2. Moore 7/10 – throwing in good (rare for wallabies hooker)
3. Shepherdson 6/10 – solid in the scrum, butterfingers outside of it
4. Sharpe 8/10 – great running game, good in the line-out as usual
5. Chisholm 6/10 – OK running game, dropped a howler
6. Elsom 6/10 – needs to get the mongrel back, dropped howler
7. Waugh (c) 7/10 – committed, linked well, scavenging needs to step up
8. Palu 9/10 – best outing for the wallabies yet. Great running game
9. Giteau 7/10 – poor guy’s in the wrong position, looked sharp though
10. Norton-Knight 4/10 – a shocker. We have a problem
11. Mitchell 7/10 – a few touches of sharpness and smart kicking
12. Ashley-Cooper 5/10 – was he on the field?

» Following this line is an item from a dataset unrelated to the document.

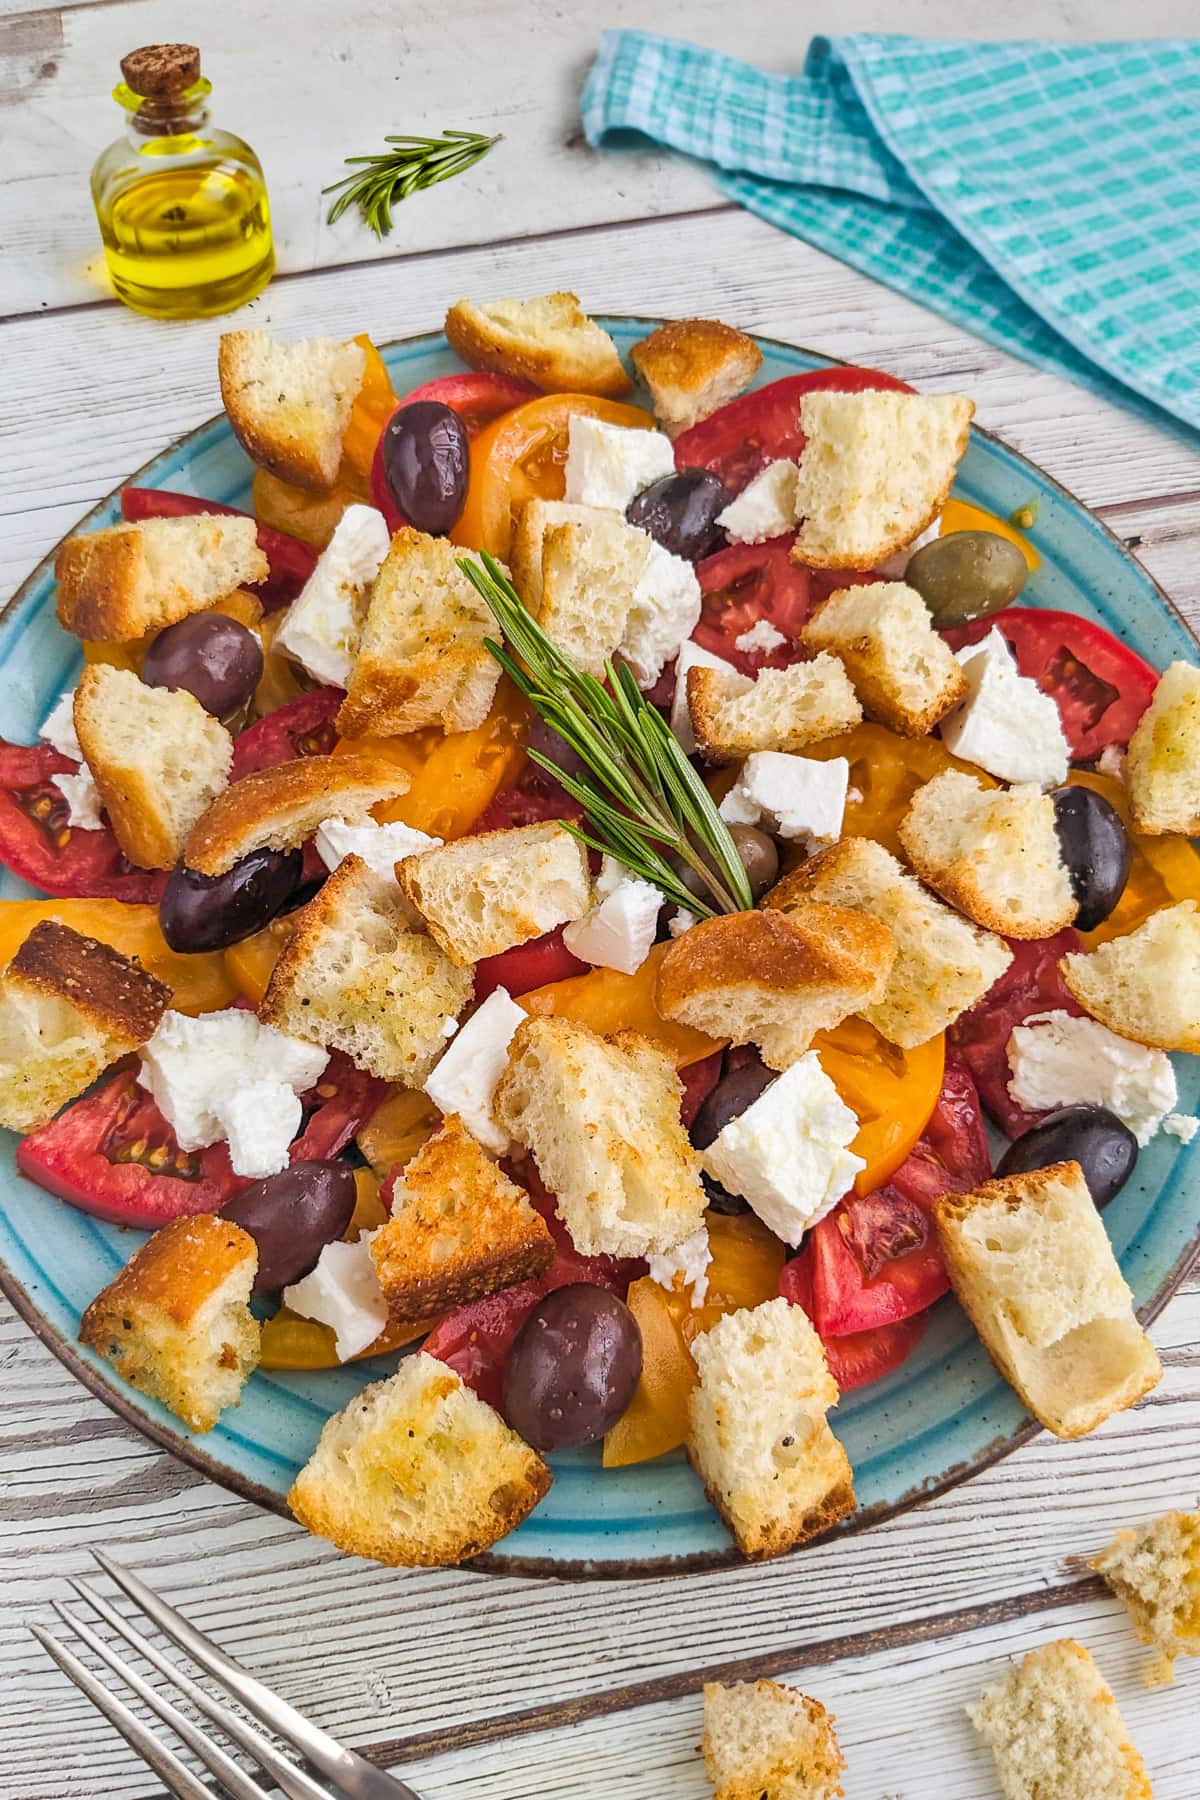 Top view of tomato and feta salad with croutons on a wooden table.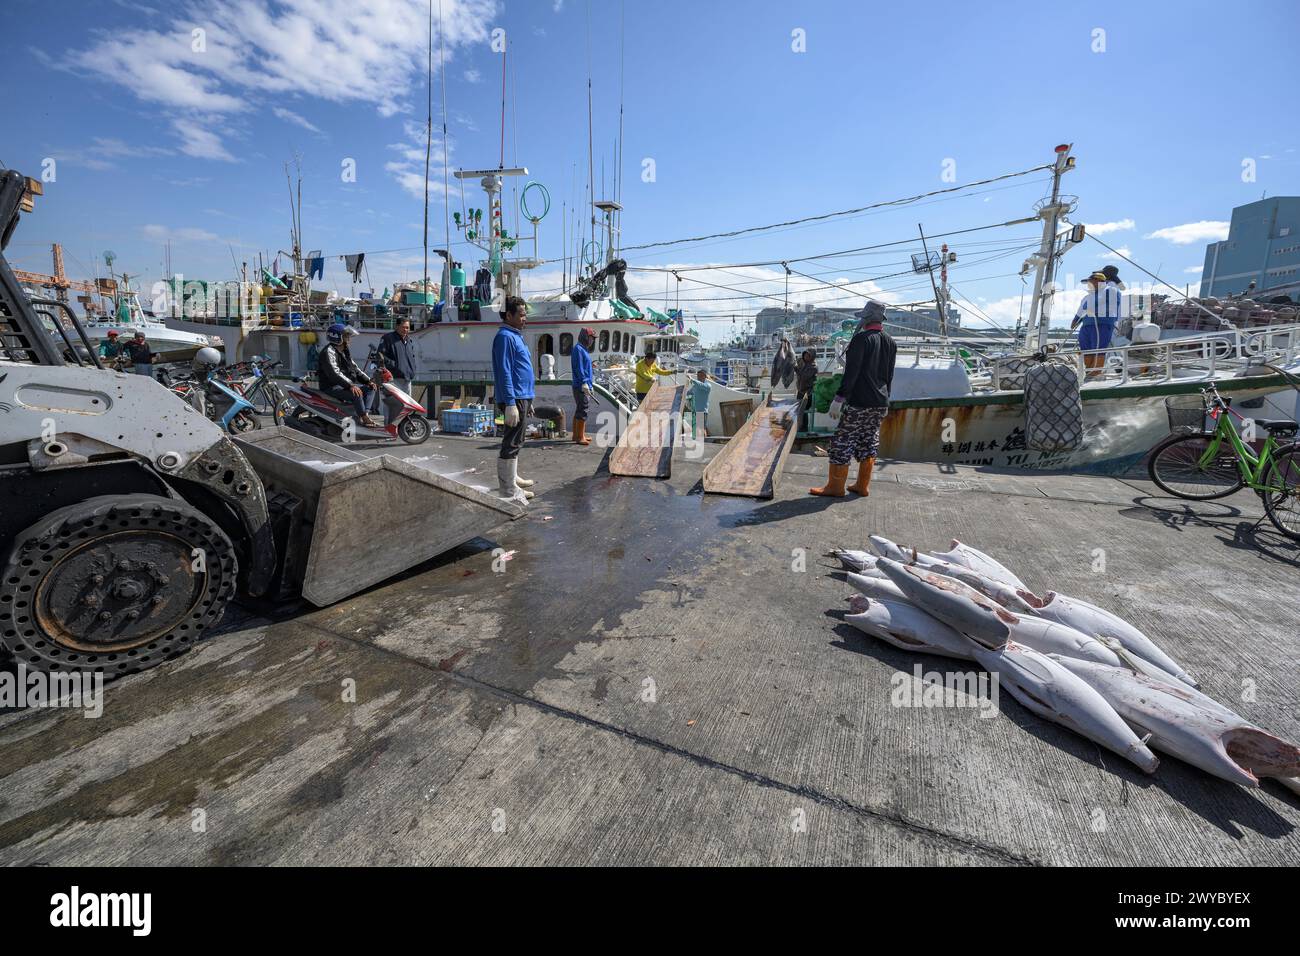 Fishermen in a port downloading frozen fish from a boat  on a sunny day with fishing boats in the background Stock Photo

13. Mortlock (vc) 6/10 – beavis not up to usual class, errors galore
14. Gerrard 7/10 – howling drop in own 22, some good barging runs though
15. Huxley 5/10 – got talent, along with brain-fart-itis. Forgot how to pass
Reserves: I never thought I’d be so happy to see Gregan get on the field so Giteau could go to 12. Hoiles and Vickerman solid, Smith too slow.

Overall
We can only hope that this scare will jolt Connolly into putting players in the right positions (see my last post). We didn’t end up with Farr-Jones/Lynagh and Horan/Little combinations by continually dicking them around in crazy combos. With the cup only months away, we need to have Gregan, Larkham, Giteau and Mortlock almost bored of playing together in that combo, not wondering what it might be like.